Figure 2. FXR2P Deficiency Leads to Impaired Neural Network Integration of Newborn Neurons.

(A) Schematic illustration of pseudo-typed rabies virus-mediated monosynaptic retrograde tracing to map the presynaptic inputs to newborn neurons in the DG. RV-Syn-GTRgp, retrovirus-expressing GFP, TVA, and rabies virus GapPol proteins, driven by a neuronal synapsin promoter. Retrovirus infects only dividing cells, including neural progenitors (NPCs), in the adult DG. EnvA-mCherry, EnvA pseudo-typed rabies virus expressing mCherry can only infect new neurons expressing TVA receptor for EnvA coat protein.

(B) Schematic illustration of timeline of the rabies virus-mediated monosynaptic retrograde tracing experiment.
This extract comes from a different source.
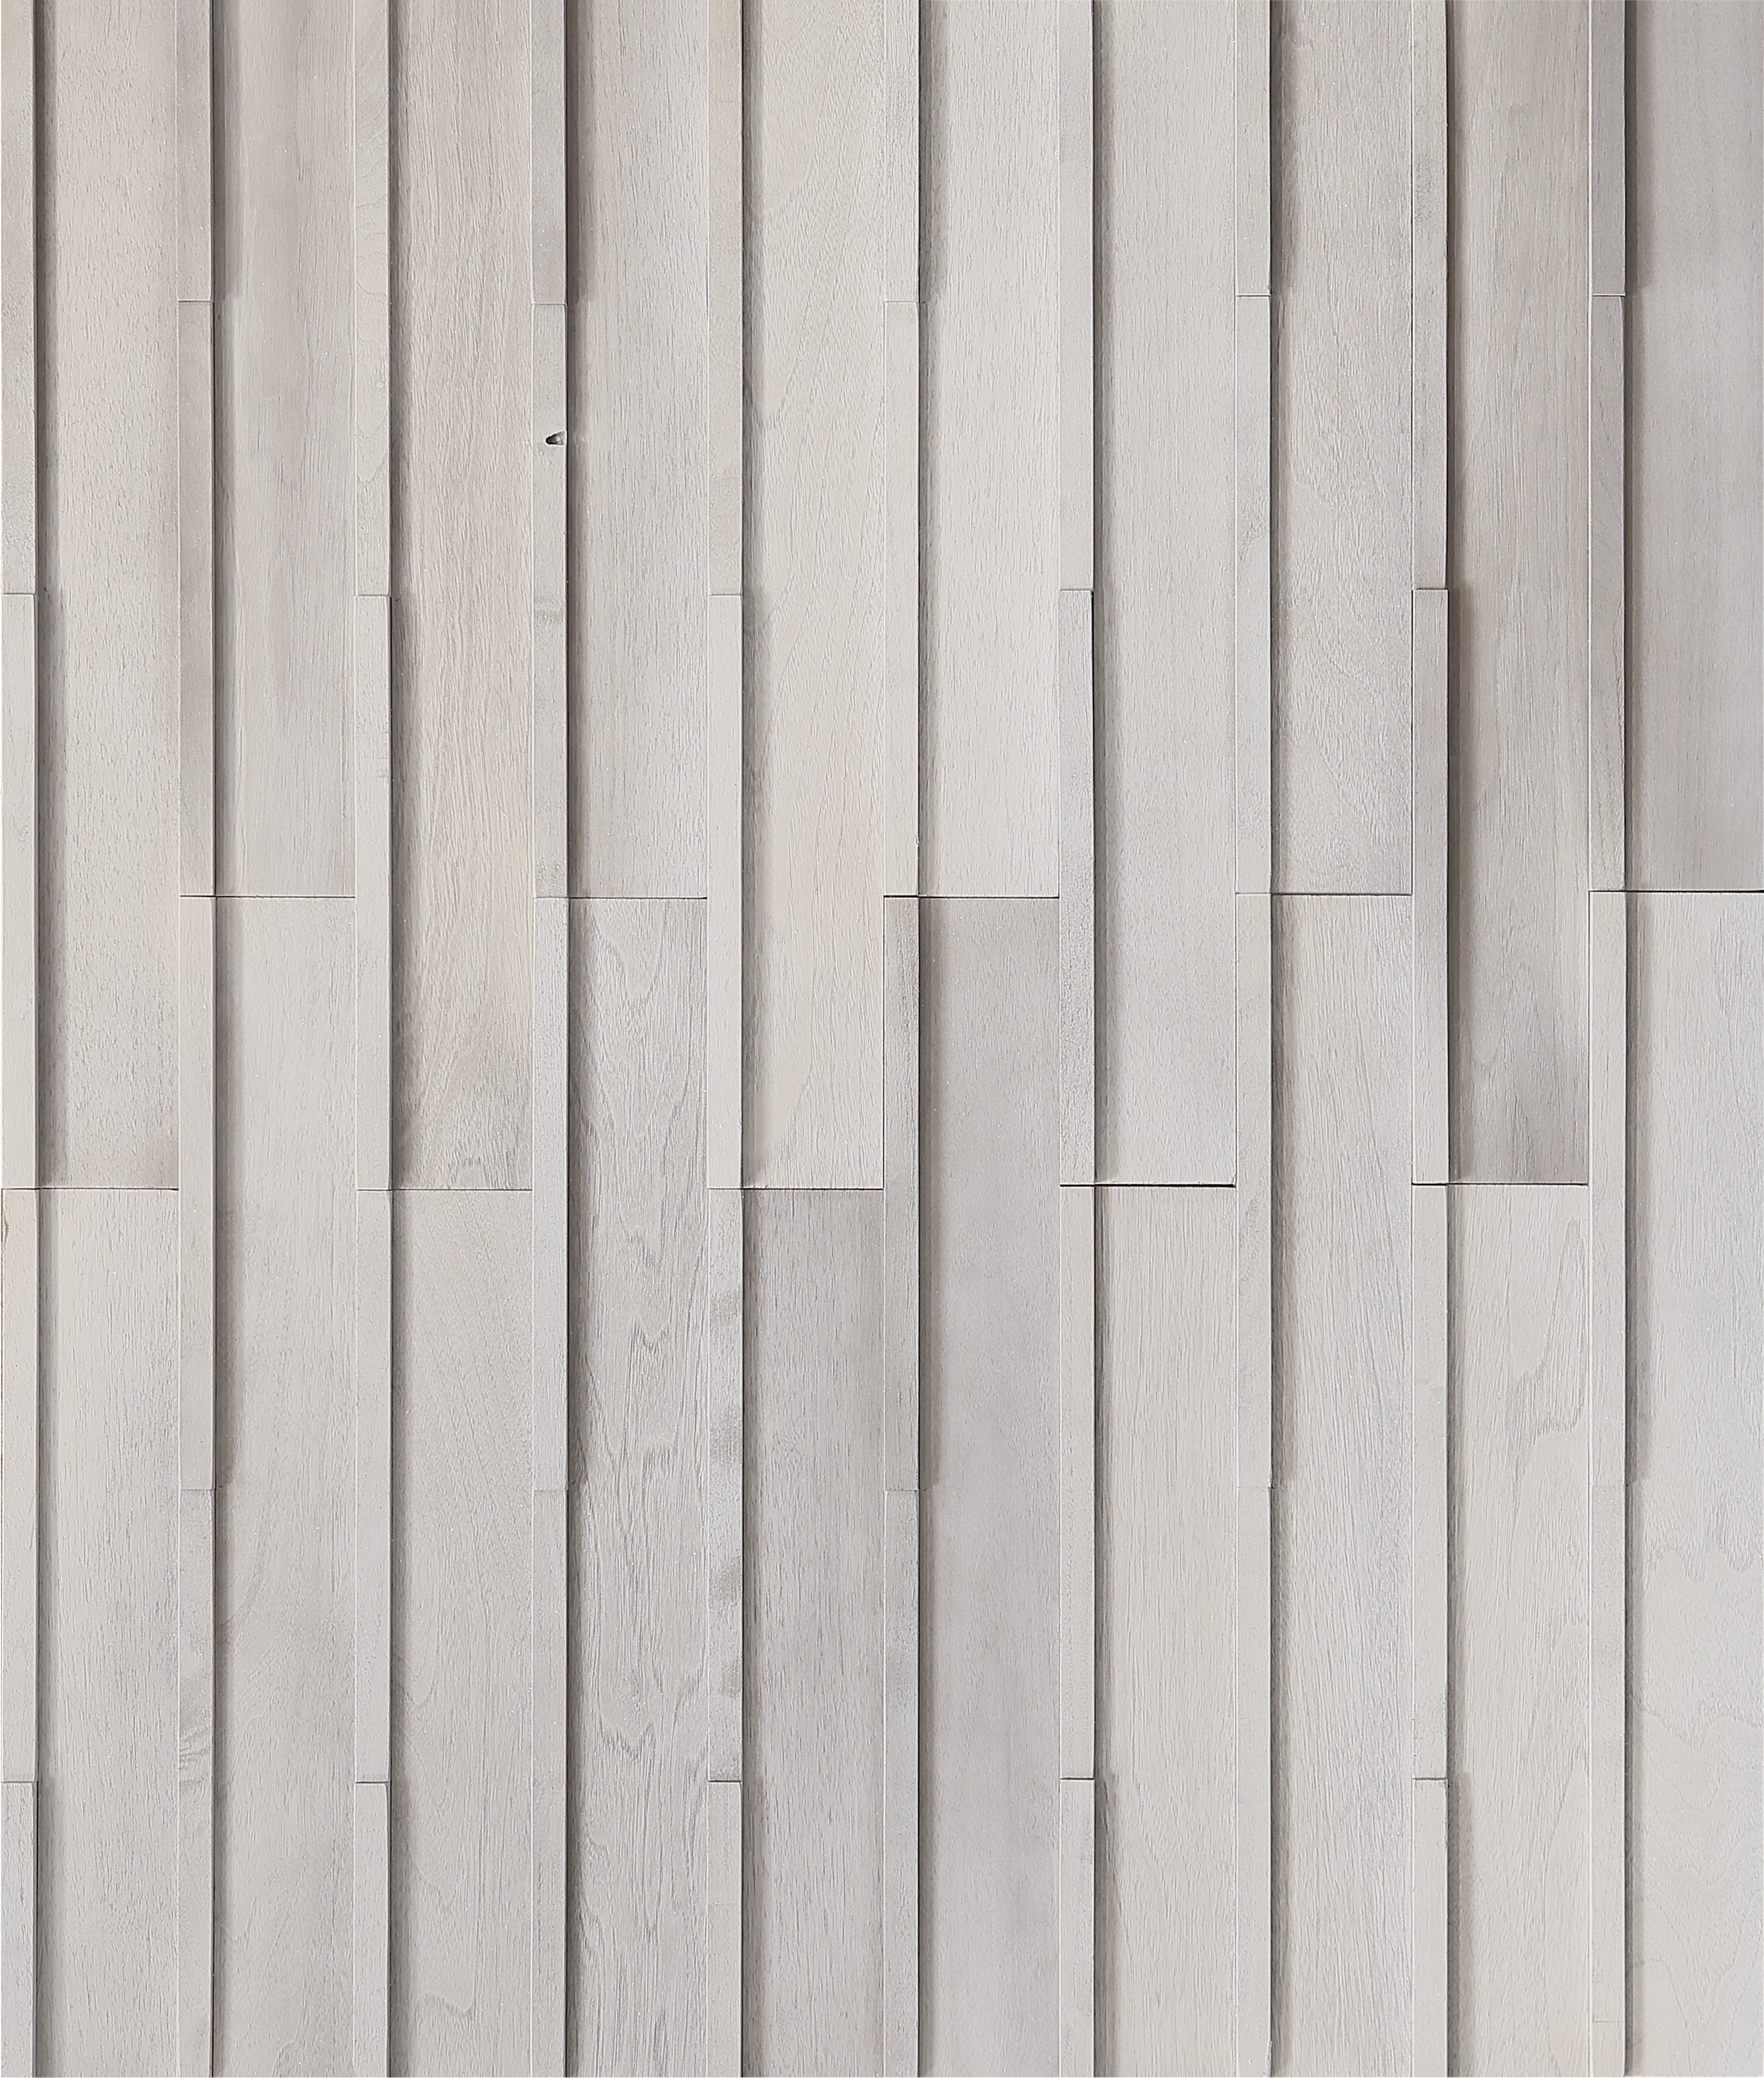 duchateau inceptiv kubik iceberg oak three dimensional wall natural wood panel lacquer for interior use distributed by surface group international
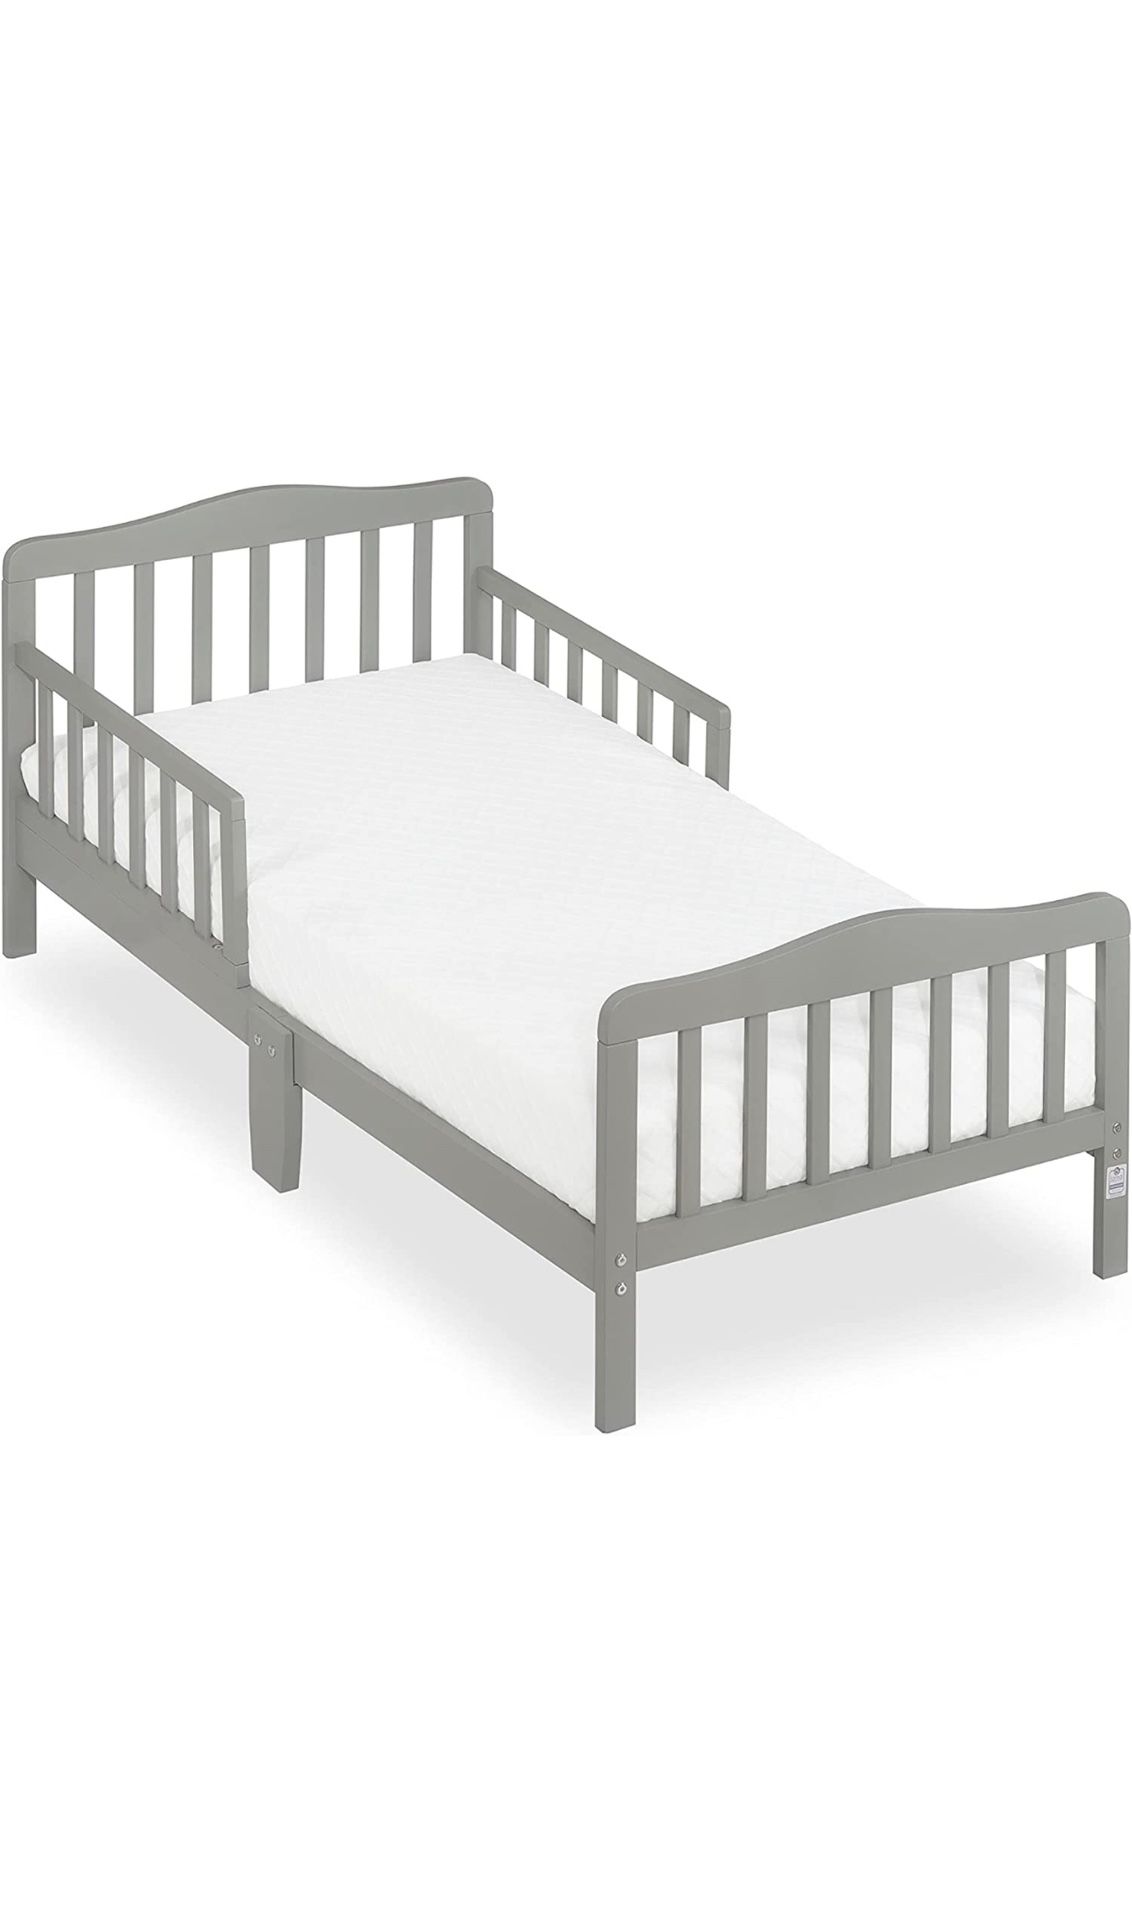 FREE Toddler Bed Bed frame Montessori Style Uses Crib Mattress

(C) Sample confocal images showing newborn cells (both green and red) in the DG, and traced cells (red only) in DG, hilus regions, CA regions, and cortex. Scale bar, 200 μm.

(D) High-magnification confocal images of the newborn cells (green and red) and traced cells (red alone) in the DG. Scale bar, 50 μm.

(E, F) The ratio of “Traced Cells (mCh+)” to “Starter Cells” (GFP+mCh+) in total brain (E, n = 5 mice/condition, P = 0.0052; WT: 24 GFP+mCh+ cells/mouse; 85 mCh+ cells/mouse; KO: 27 GFP+mCh+ cells/mouse; 28 mCh+ cells/mouse) or in specific brain regions (F, GC, WT, 24 mCh+ cells/mouse, KO 8 mCh+ cells/mouse, p = 0.0056; cortex cells, CTX, WT, 43 mCh+ cells/mouse, KO, 14 mCh+ cells/mouse, p = 0.005; hilar cells, HC, WT, 29 mCh+ cells/mouse, KO, mCh+ cells/mouse, P = 0.005; and CA cells, WT, 5 mCh+ cells/mouse, KO, 2 mCh+ cells/mouse, p = 0.006) of Fxr2 KO mice compared to WT mice. **, p <0.01.